Por uma Estação Cultural

24/04/2021

Coluna Iguatu Antigo
Emmanuel Montenegro

A Estação Ferroviária de Iguatu é patrimônio histórico e cultural que guarda parte relevante da história do município. O prédio fica na avenida Doutor José Holanda Montenegro.

“A ponta dos trilhos da E. F. de Baturité chegou a dois quilômetros da cidade de Iguatu. A estação desta cidade, cujas obras já estão quase concluídas será inaugurada no dia 5 de novembro próximo”, noticiou o jornal O Estado de São Paulo, em 19 de outubro de 1910.

Marco no desenvolvimento regional do país, a ferrovia propiciou ao interior cearense o avanço da cultura do algodão, que foi, por mais de um século, uma das principais atividades econômicas do Ceará, sendo Iguatu uma das cidades de maior produção do ouro branco, a partir dos anos 1920 até a crise algodoeira em todo o território cearense em decorrência da praga do “bicudo”, em fins dos anos 1970.

“A linha férrea foi inaugurada no começo do século XX e permitiu o escoamento da produção com maior rapidez, centralizando as atividades de uma extensa área do interior e alterando o traçado de ruas, praças e becos. Nesse período, a cidade experimentou apreciável desenvolvimento, ocasionado principalmente pelo surgimento de indústrias de beneficiamento de arroz e algodão”, escrevo em meu livro Tramas de Calçada – Uma novela jornalística, que traz um recorte da história do Iguatu.
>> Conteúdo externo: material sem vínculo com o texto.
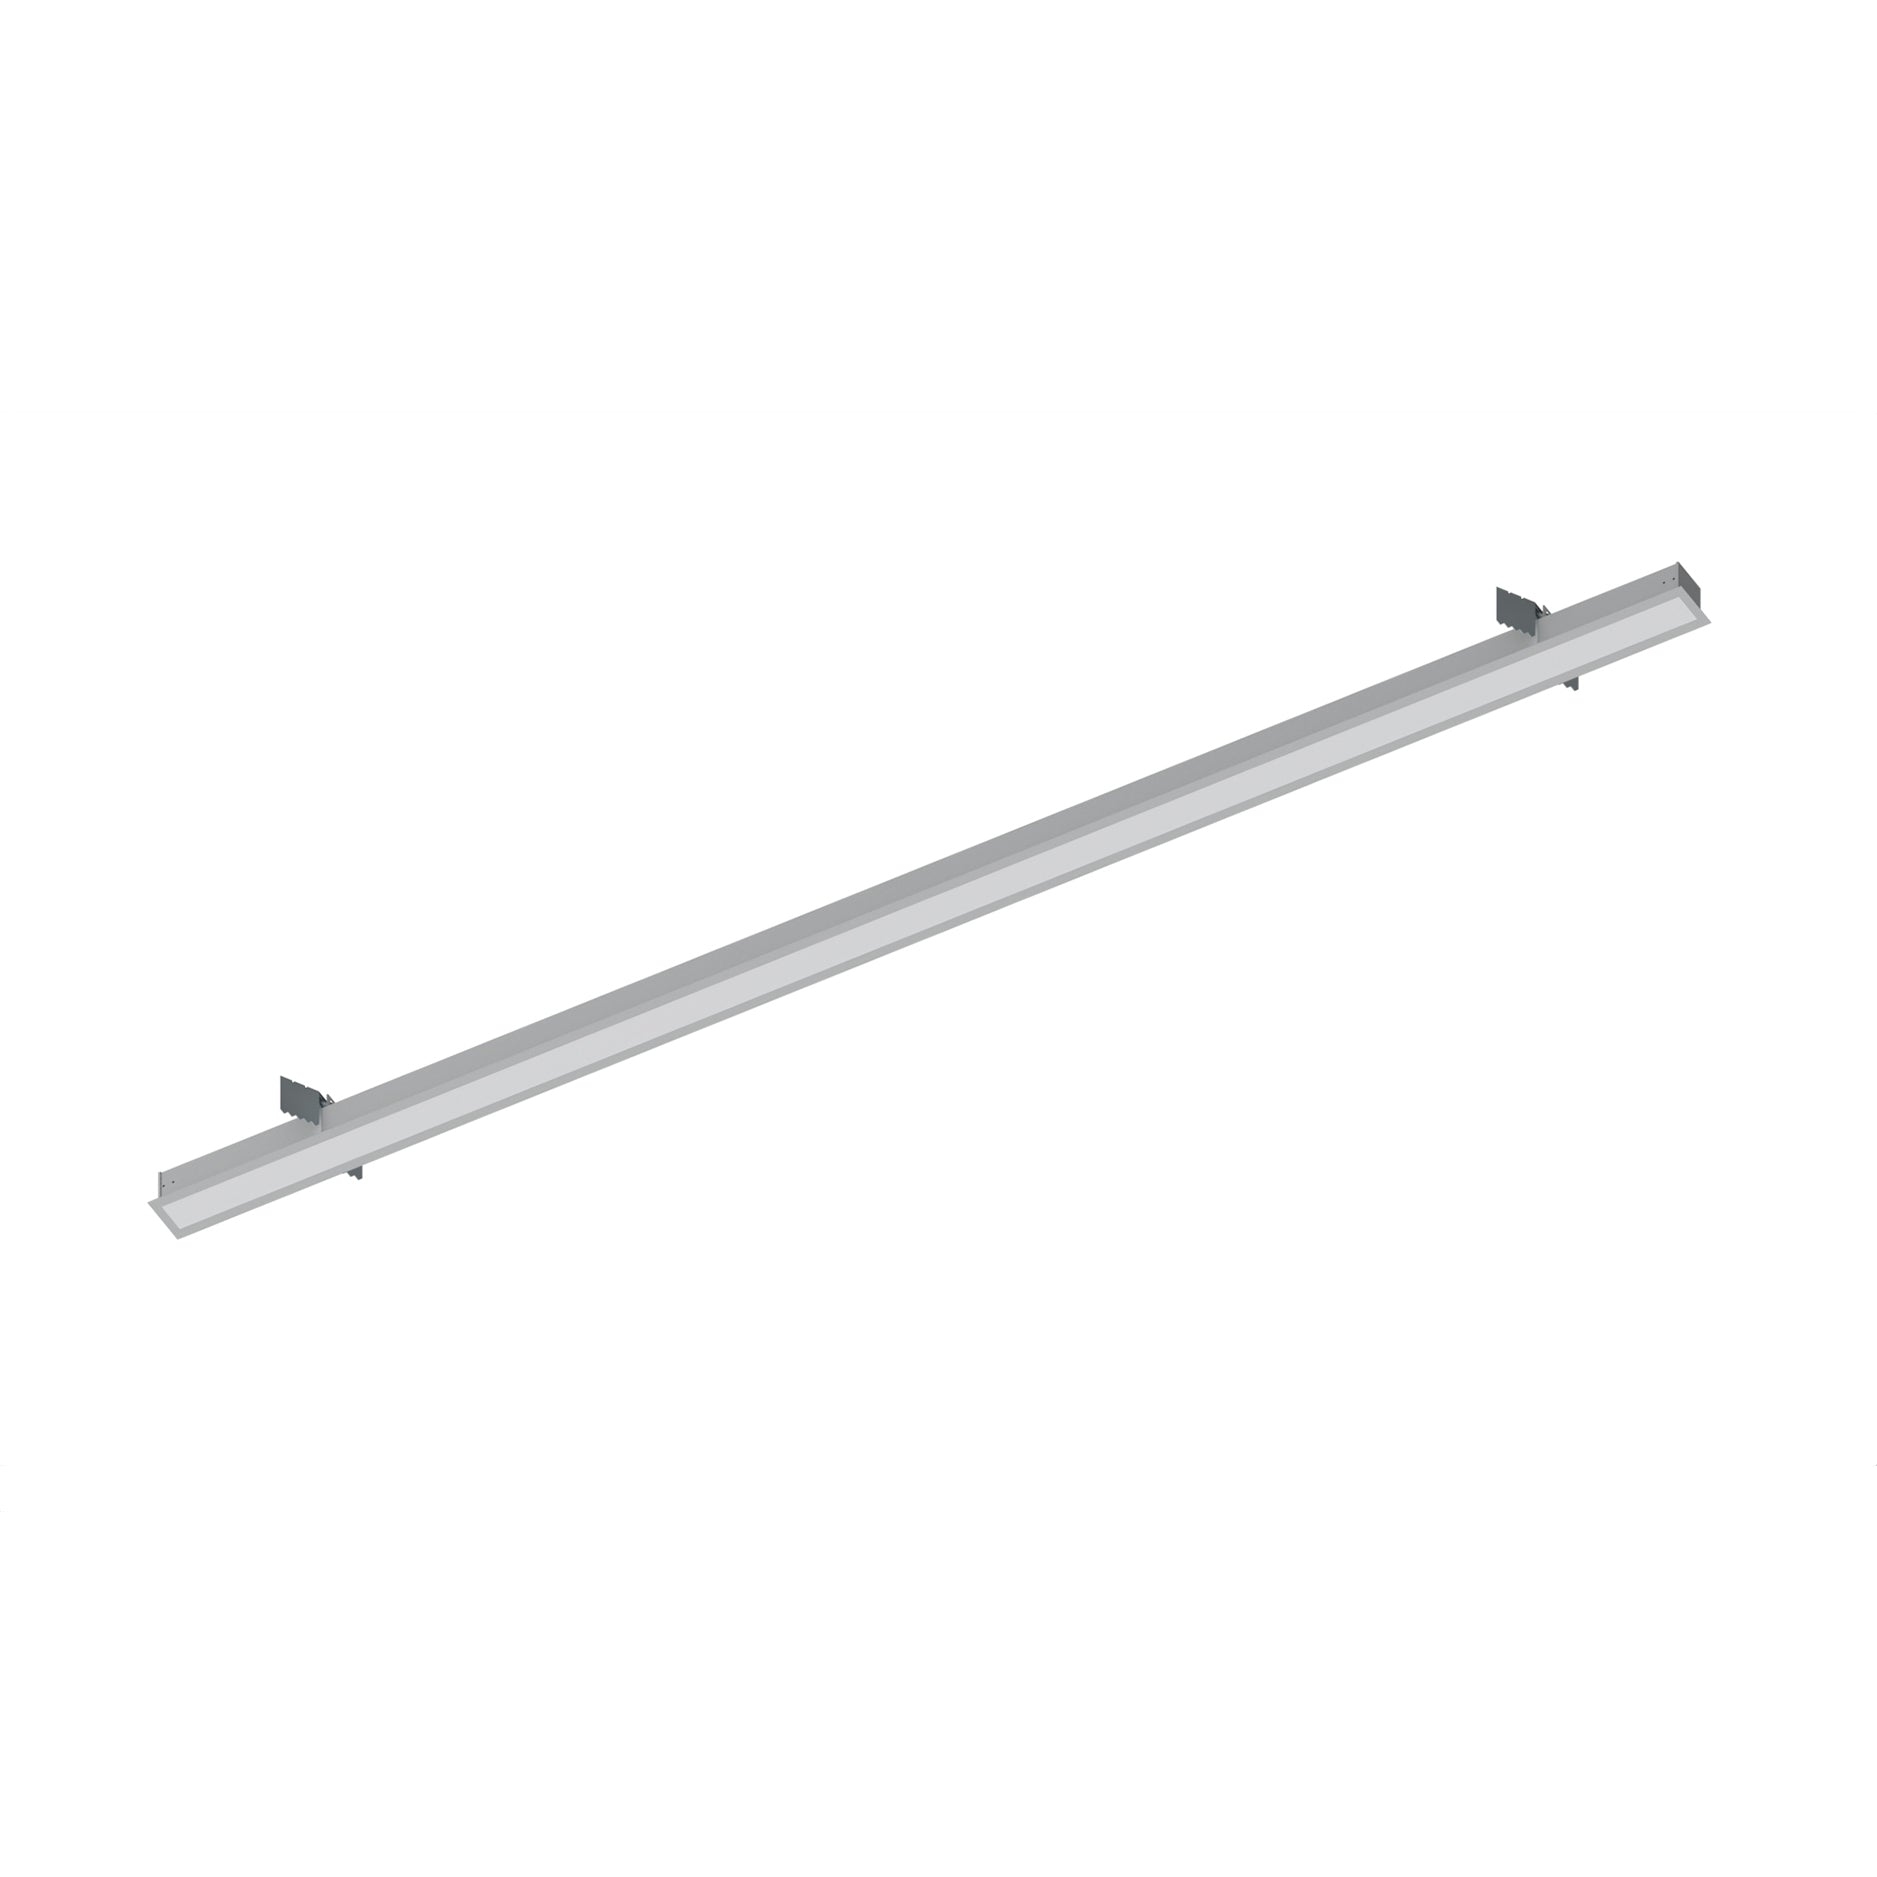 Nora Lighting NRLIN-81030A - Linear - 8' L-Line LED Recessed Linear, 8400lm / 3000K, Aluminum Finish

O passado me fascina e a valorização desse passado tem me acompanhado em minhas escolhas na vida e na escrita.

A estrada de ferro impulsionou o desenvolvimento local com transporte de passageiros e de cargas

História e Memória

A estação de Iguatu foi a terminal da linha-tronco, ou linha Sul, da Rede de Viação Cearense (antiga Estrada de Ferro de Baturité), até agosto de 1916, quando houve prolongamento até Cedro, Lavras da Mangabeira no ano seguinte e, em 1926, Crato, seu ponto máximo, tendo o porto de Fortaleza como local de saída do algodão para o mundo. Iguatu assumia papel de destaque no contexto das relações intermunicipais da Região Centro-Sul do Estado. Dez anos antes, havia sido inaugurada a ponte metálica sobre o rio Jaguaribe, mesmo ano da inauguração da estação de José de Alencar (Alencar).
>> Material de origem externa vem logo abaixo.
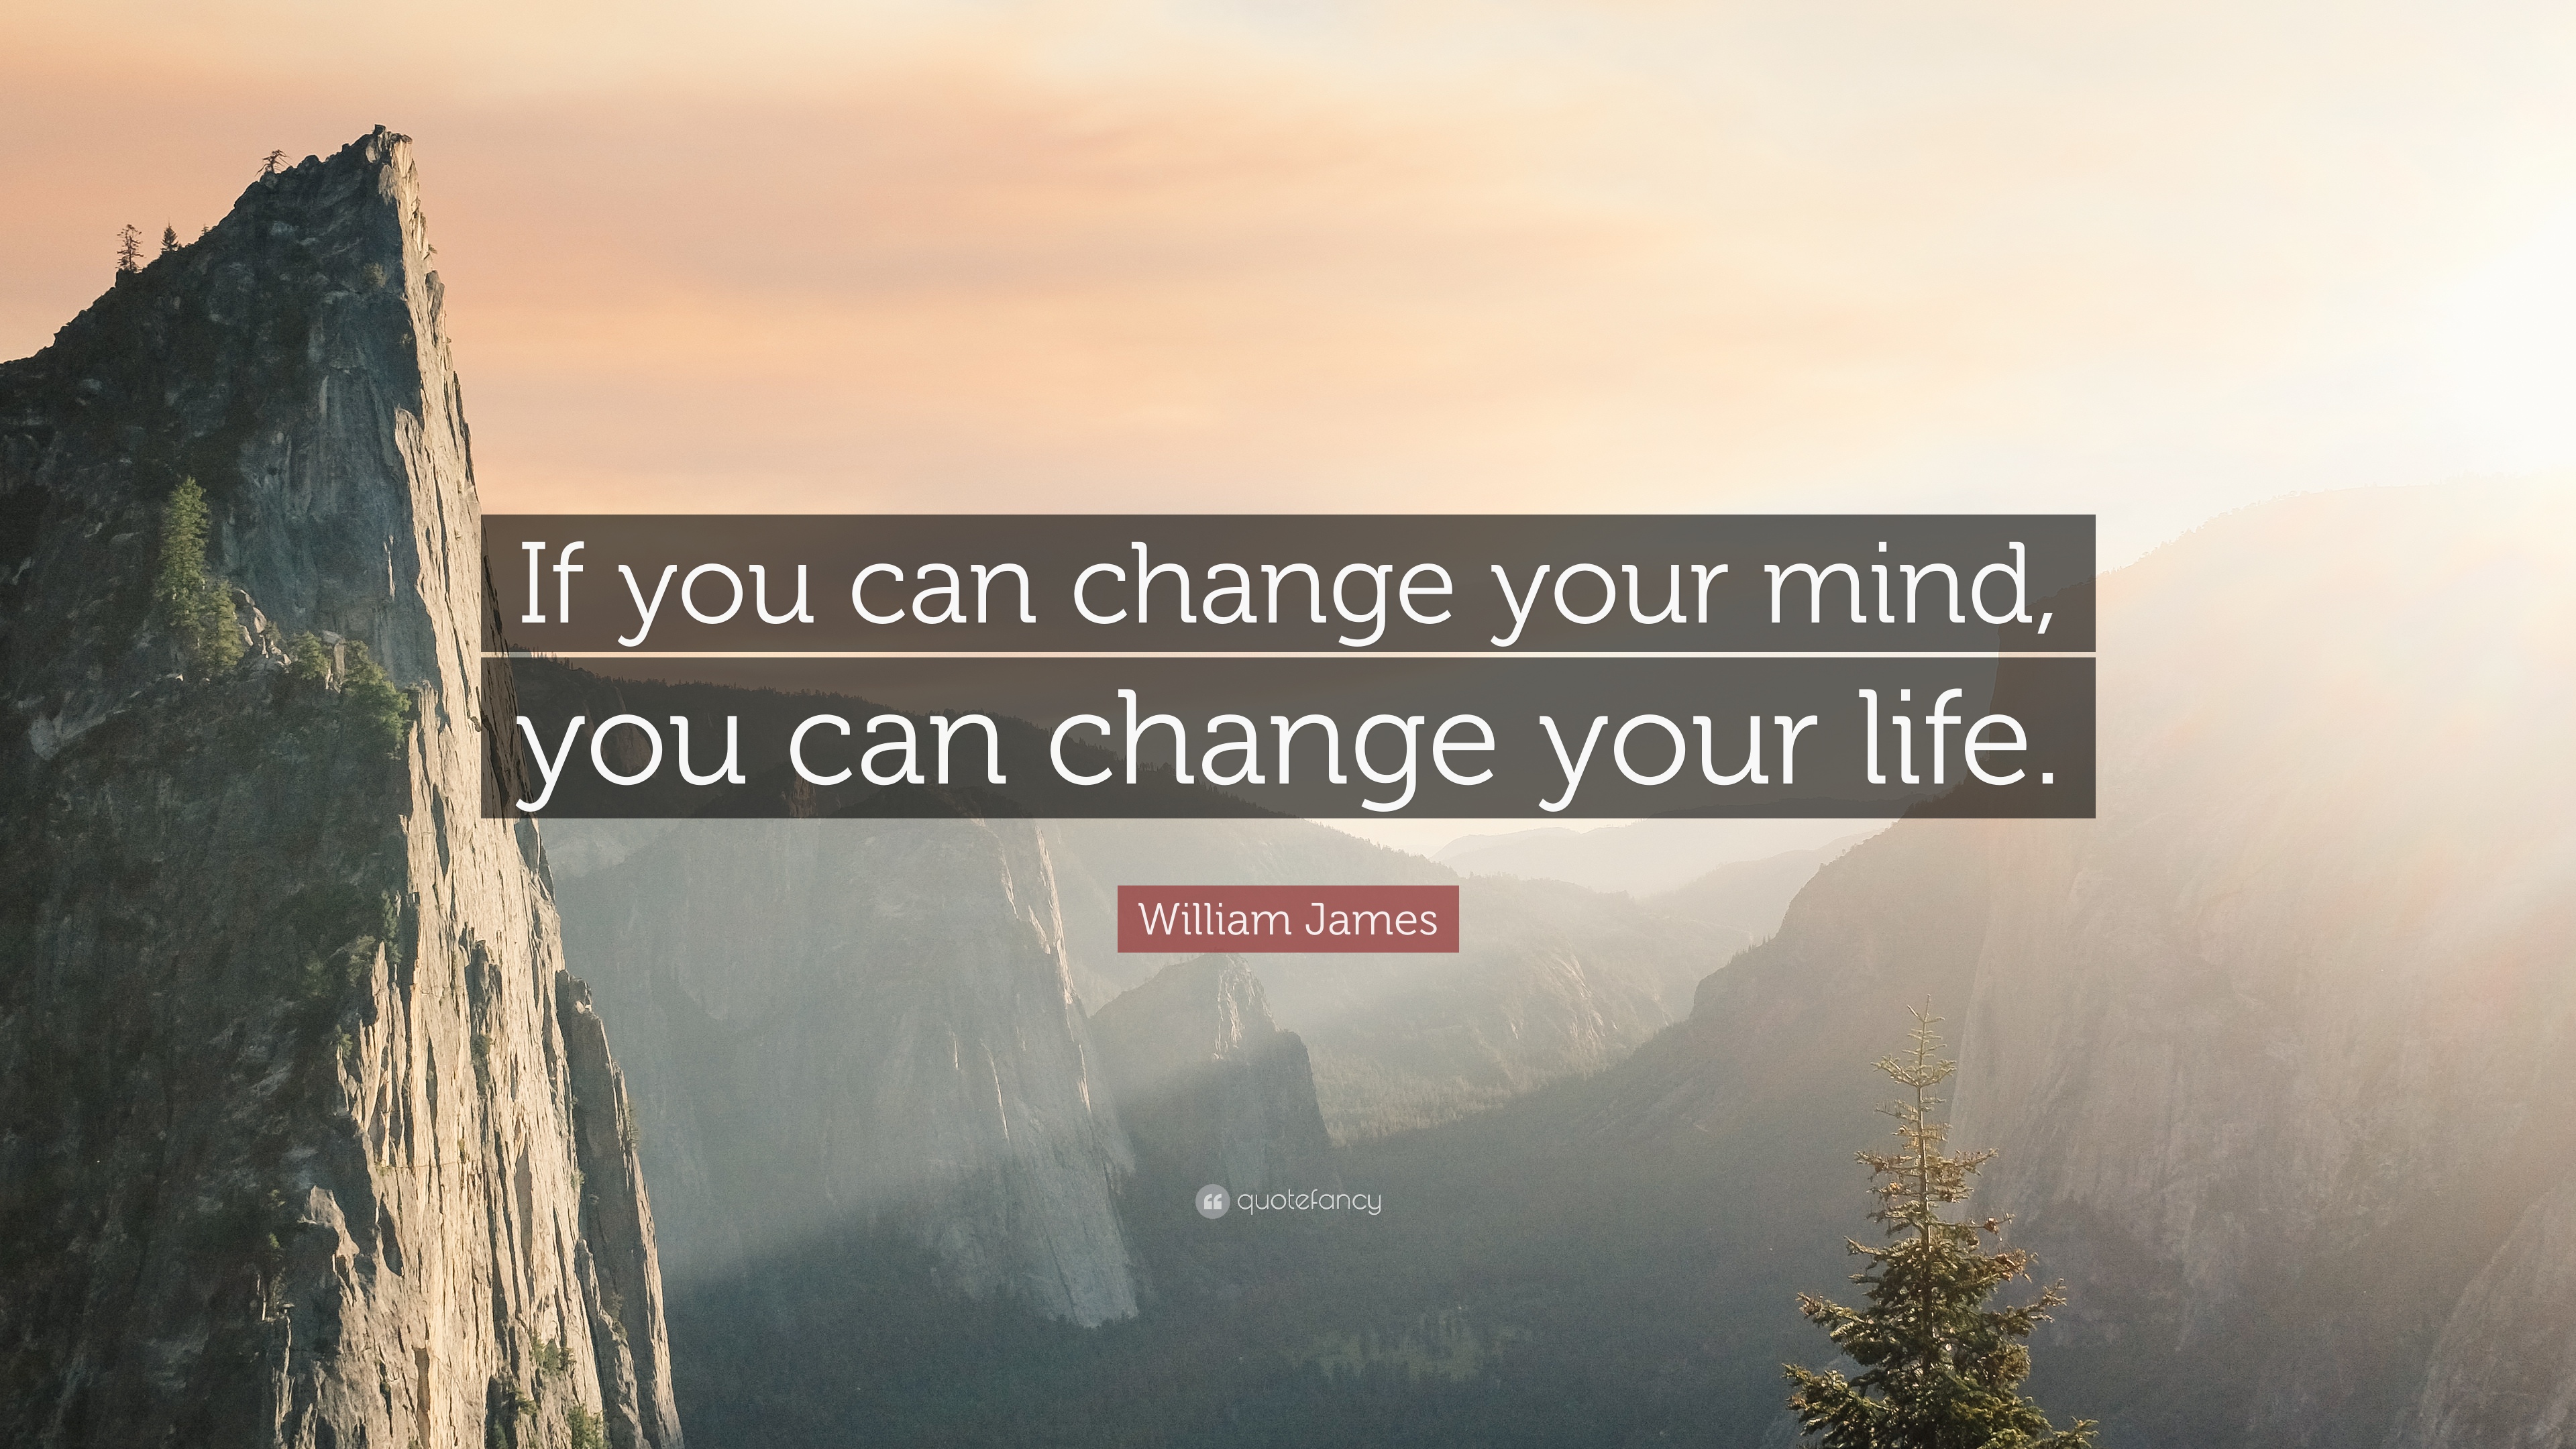 20920-William-James-Quote-If-you-can-change-your-mind-you-can-change.jpg

A chegada da estrada de ferro foi determinante para que o município se tornasse um dos principais produtores de algodão do Ceará, e símbolo de uma conquista que se deveu ao líder político local, coronel Belisário Cícero Alexandrino, presidente da Assembleia Estadual (1900-1912) e membro da oligarquia de Nogueira Accioly. Desde aí, a estação foi cenário de episódios marcantes da história do Iguatu, do Ceará e do Brasil.

“Na estação ferroviária de Iguatu, a população assistiu curiosa ao desembarque do canhão e de 150 homens provenientes de Fortaleza”, registrou o jornalista Lira Neto em seu livro “Padre Cícero – Poder, Fé e Guerra no Sertão” acerca do canhão trazido por Emílio Sá, “um dos mais prestigiosos chefes da capital”, enviado pelo presidente do Ceará, Franco Rabelo, para lutar na Sedição de Juazeiro, conflito entre as oligarquias cearenses e o Governo Federal ocorrido em 1914 e liderado pelo padre Cícero Romão Batista.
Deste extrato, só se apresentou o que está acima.